[WHAT TO WORK ON]
Repeat the data in full. Drop every picture.

[SUPPLIED INFORMATION]
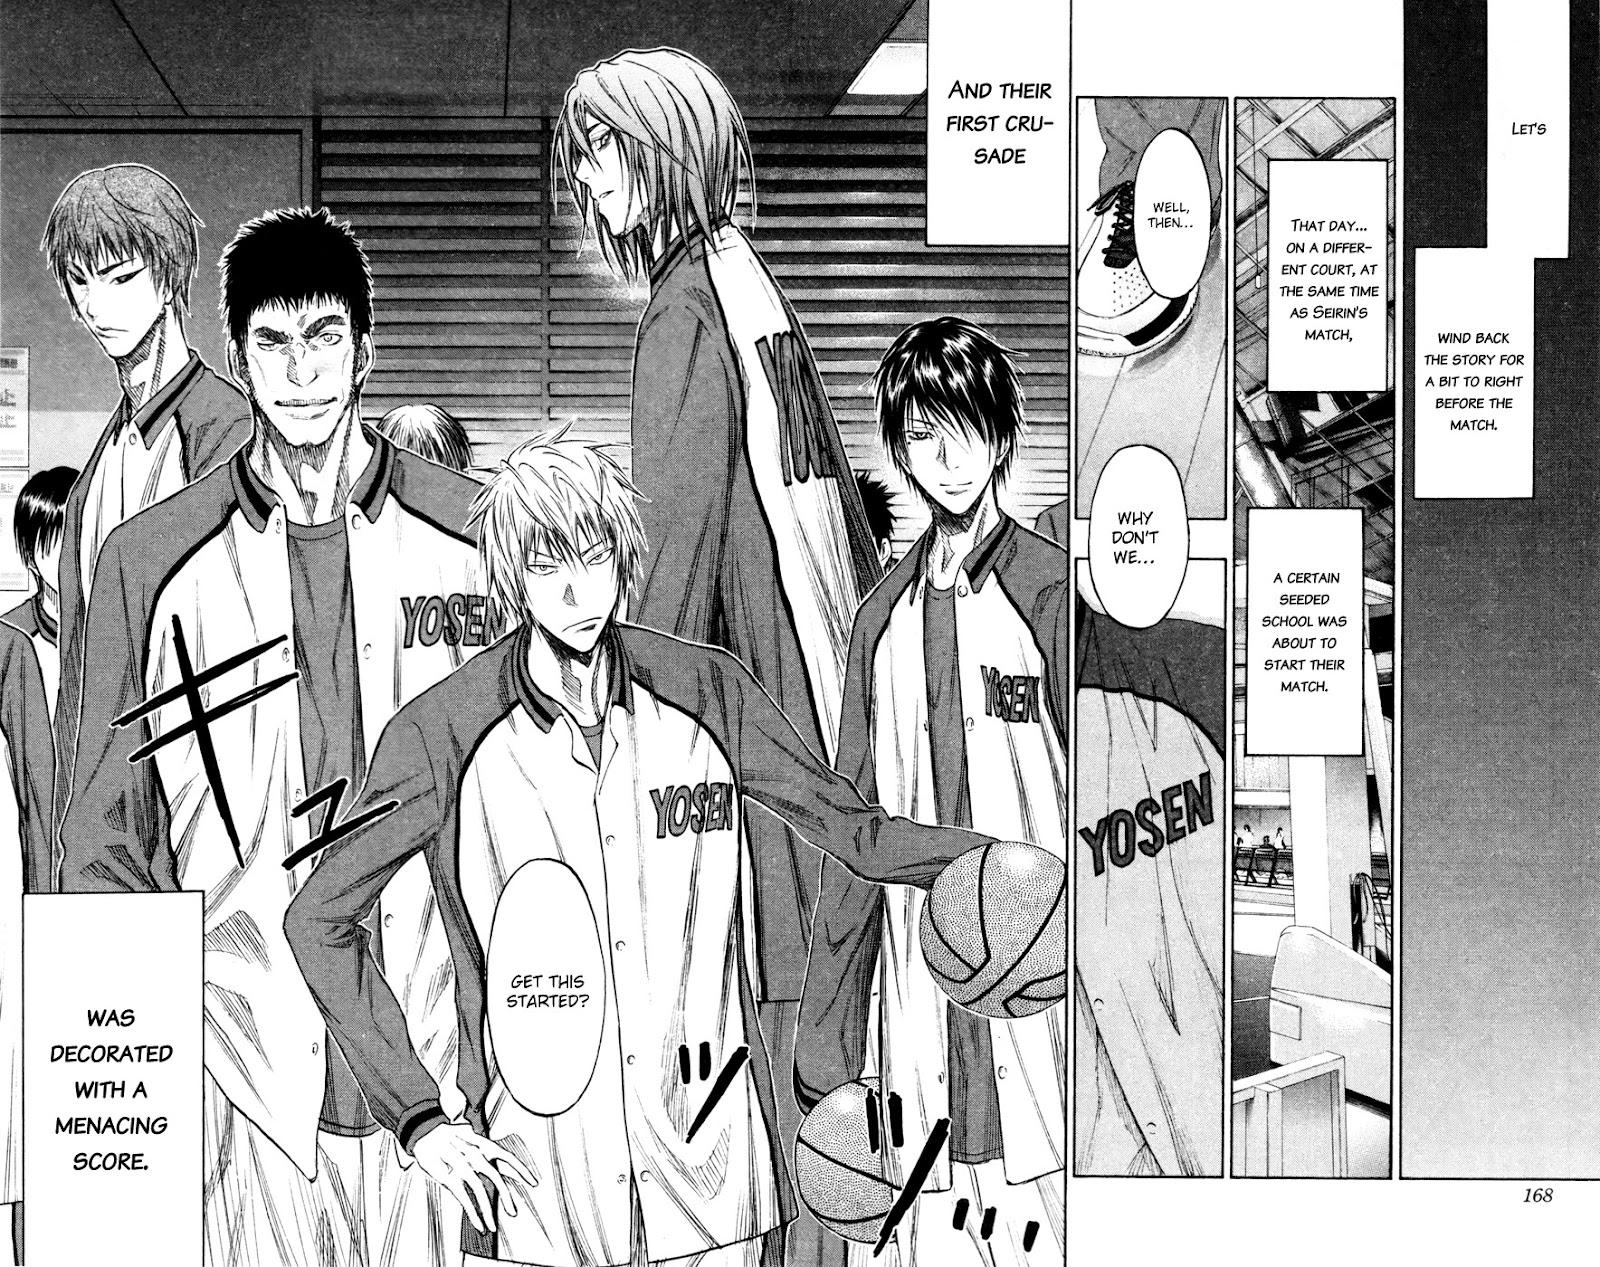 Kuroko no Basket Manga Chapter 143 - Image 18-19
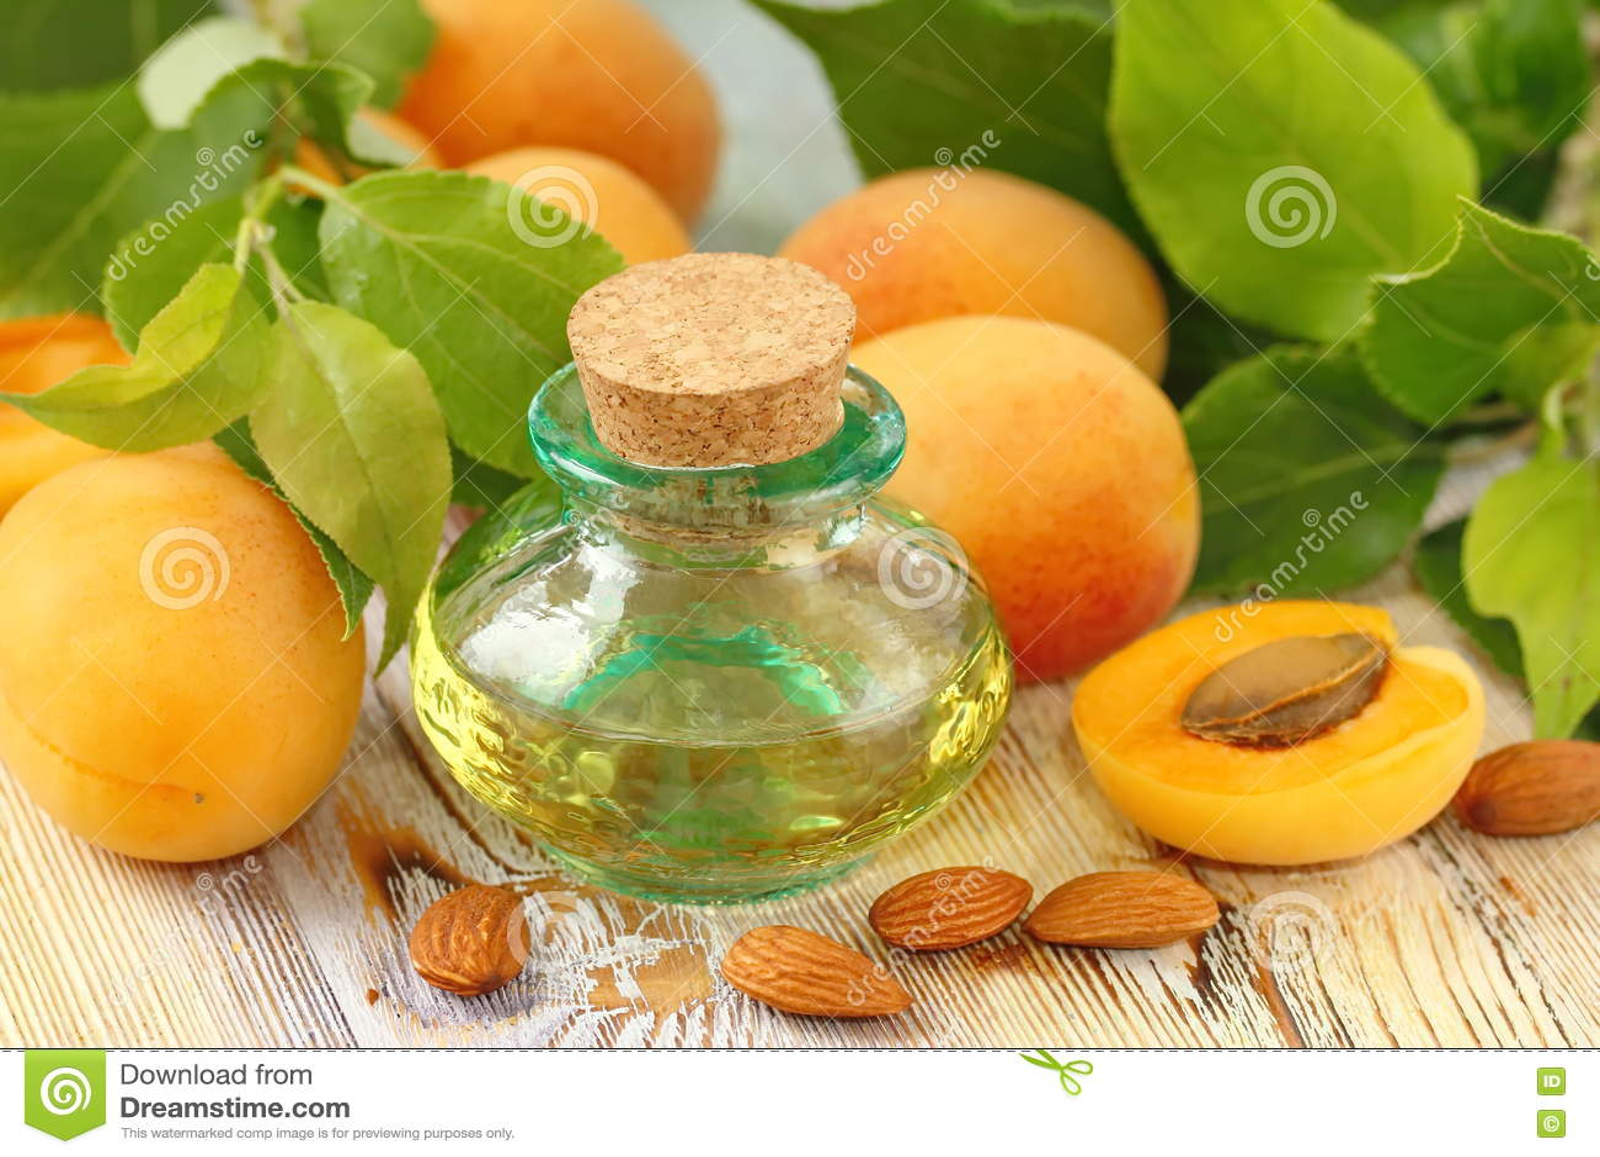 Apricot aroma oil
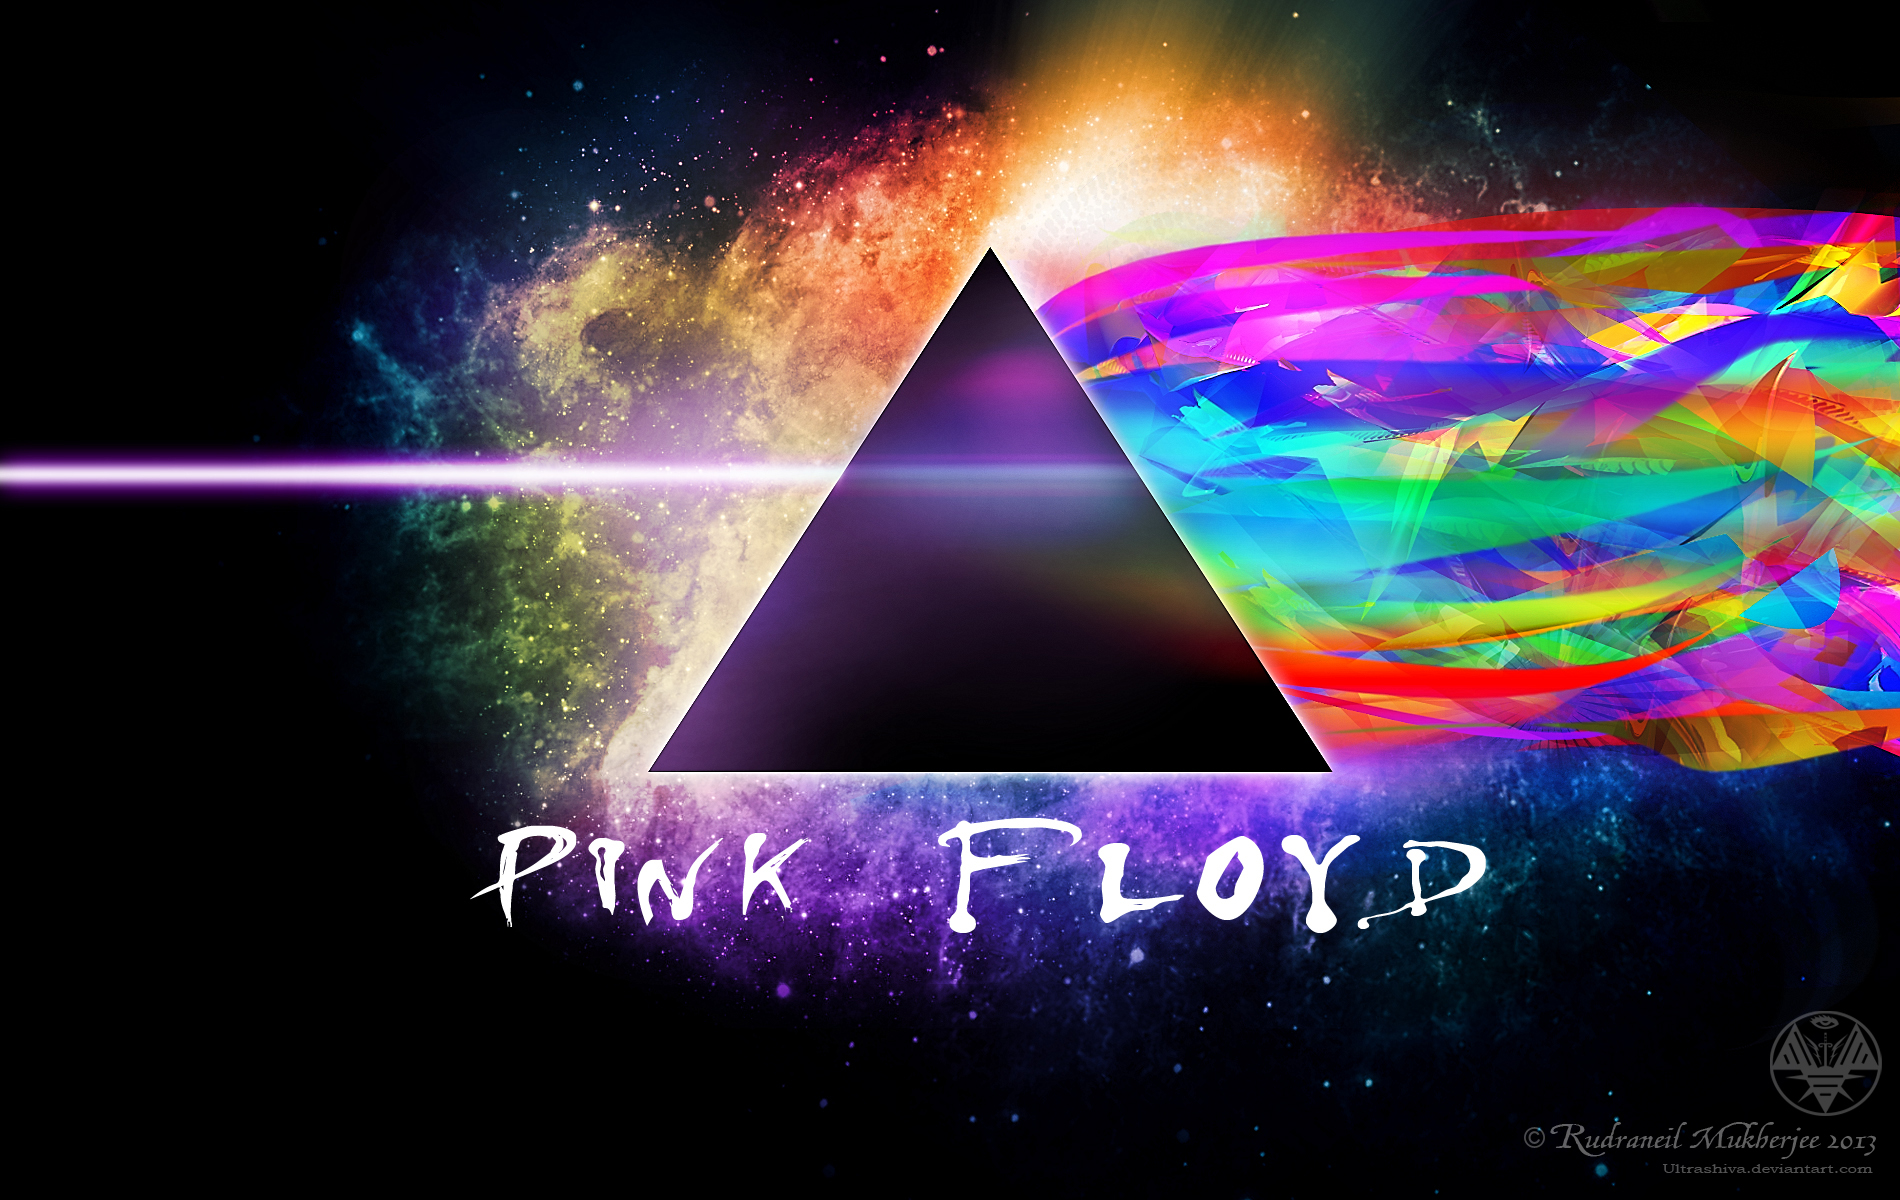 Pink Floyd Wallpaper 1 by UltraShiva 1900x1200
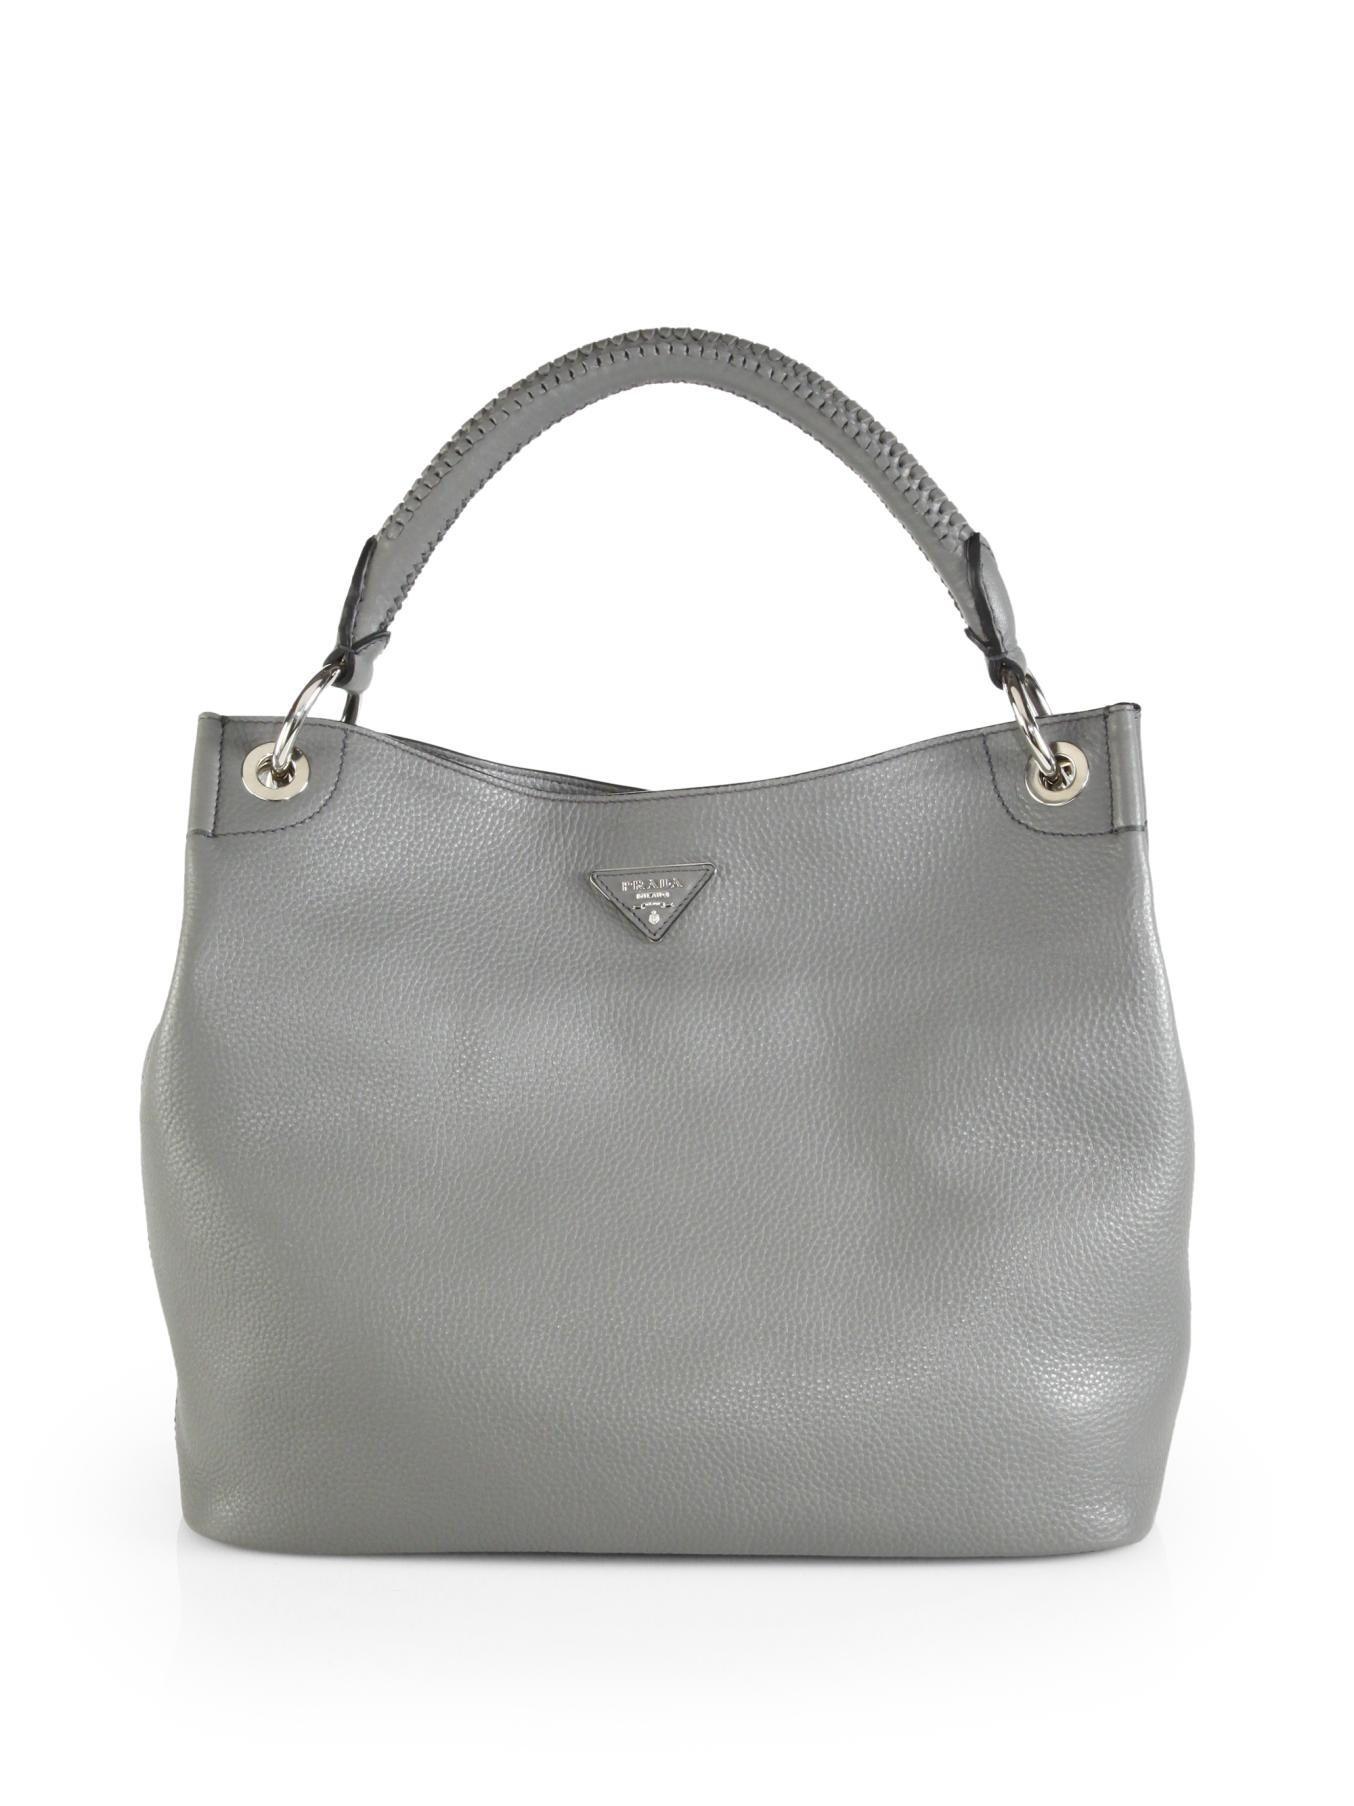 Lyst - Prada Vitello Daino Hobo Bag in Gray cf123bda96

[EXERCISE SOLUTION]
 Kuroko no Basket Manga Chapter 143 - Image 18-19
 Apricot aroma oil
 Pink Floyd Wallpaper 1 by UltraShiva 1900x1200
 Lyst - Prada Vitello Daino Hobo Bag in Gray cf123bda96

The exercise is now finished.